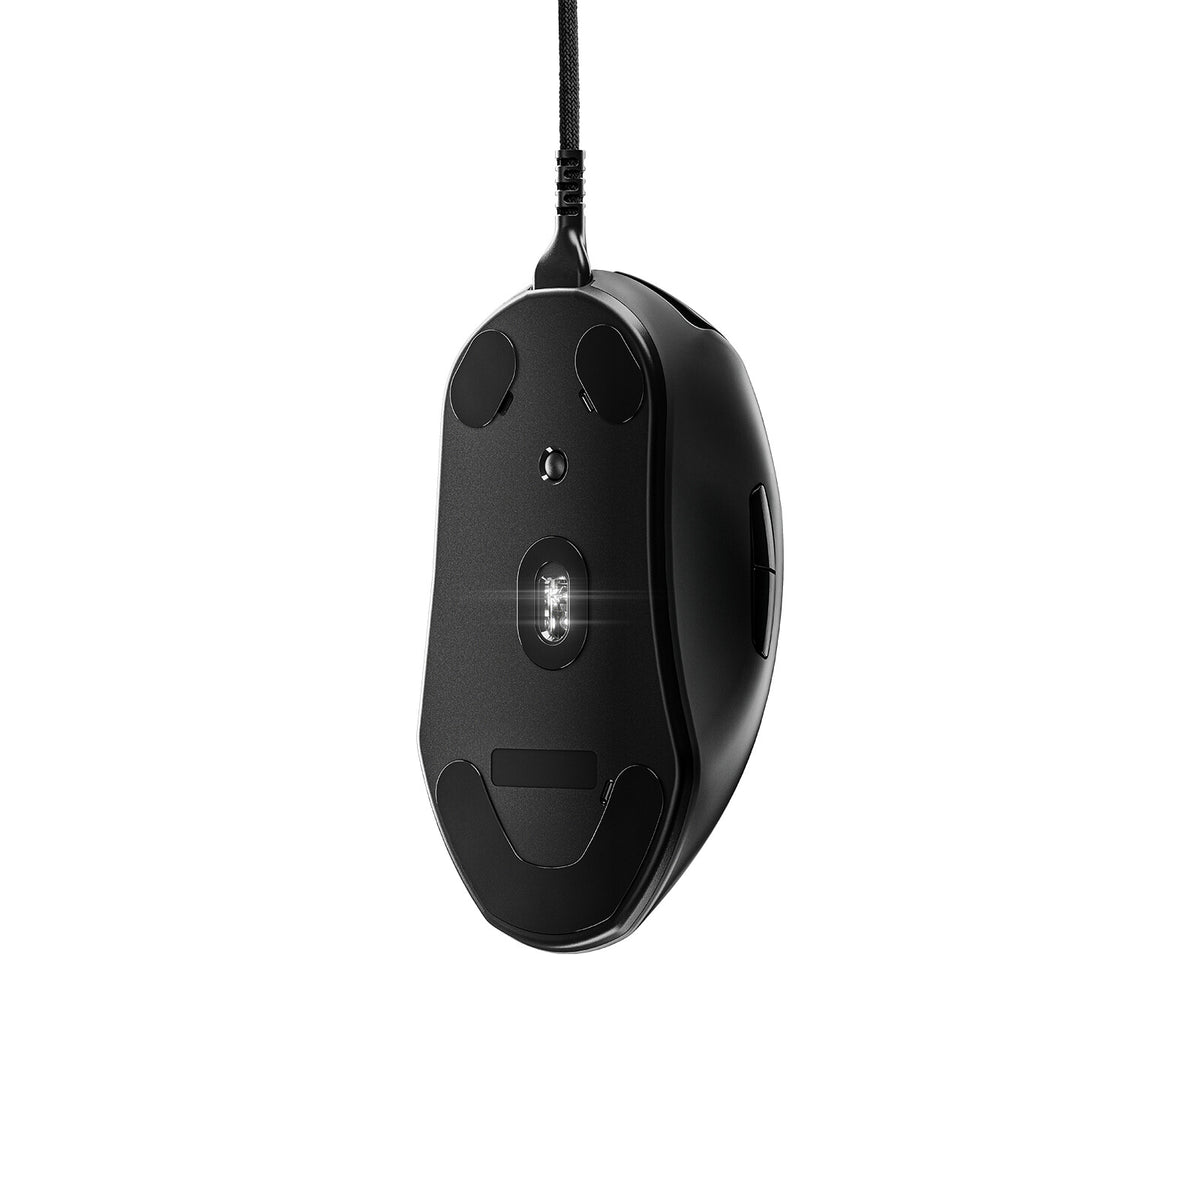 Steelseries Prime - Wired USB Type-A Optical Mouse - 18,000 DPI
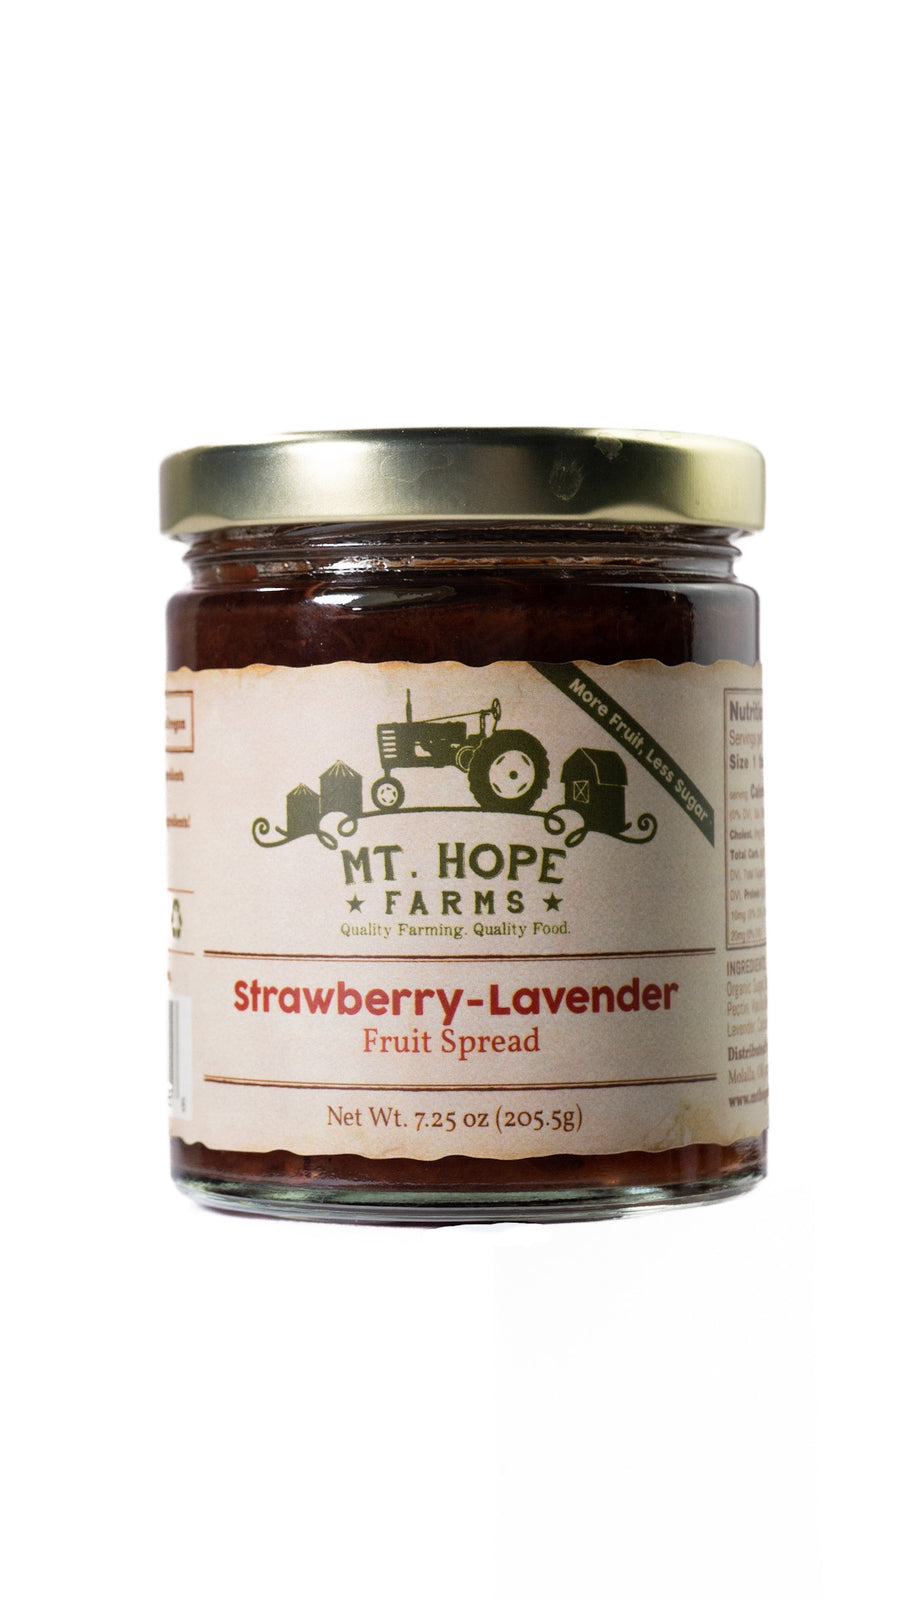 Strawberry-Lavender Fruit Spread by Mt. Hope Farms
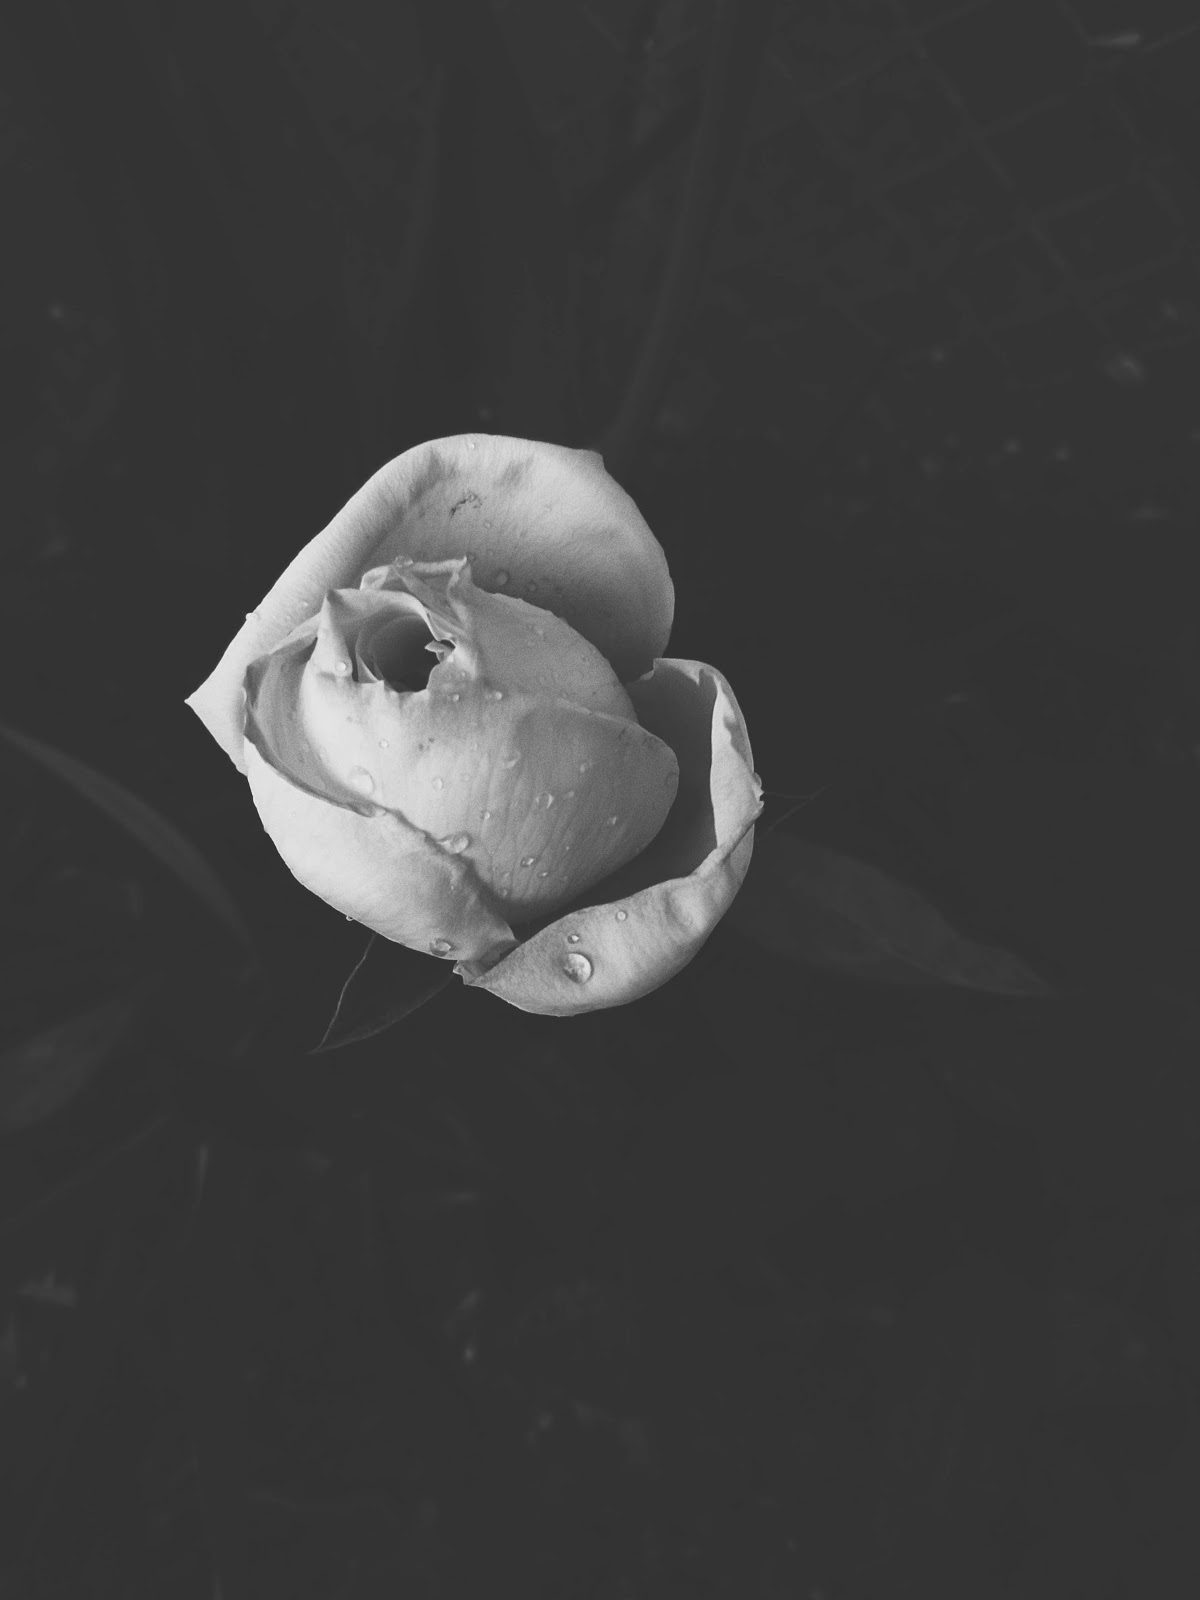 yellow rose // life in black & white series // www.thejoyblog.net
...
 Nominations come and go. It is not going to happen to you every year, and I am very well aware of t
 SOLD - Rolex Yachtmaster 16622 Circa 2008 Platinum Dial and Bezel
--
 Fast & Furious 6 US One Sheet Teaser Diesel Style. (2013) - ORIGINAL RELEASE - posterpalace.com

## TASK DESCRIPTION
Exactly as written above, retype the lines starting at the one holding "Steelseries Prime - Wired" and ending at the one holding "yellow rose //", both included, but not the pictures.

## COMPLETED TASK
 Steelseries Prime - Wired USB Type-A Optical Mouse - 18,000 DPI
 Strawberry-Lavender Fruit Spread by Mt. Hope Farms
 yellow rose // life in black & white series // www.thejoyblog.net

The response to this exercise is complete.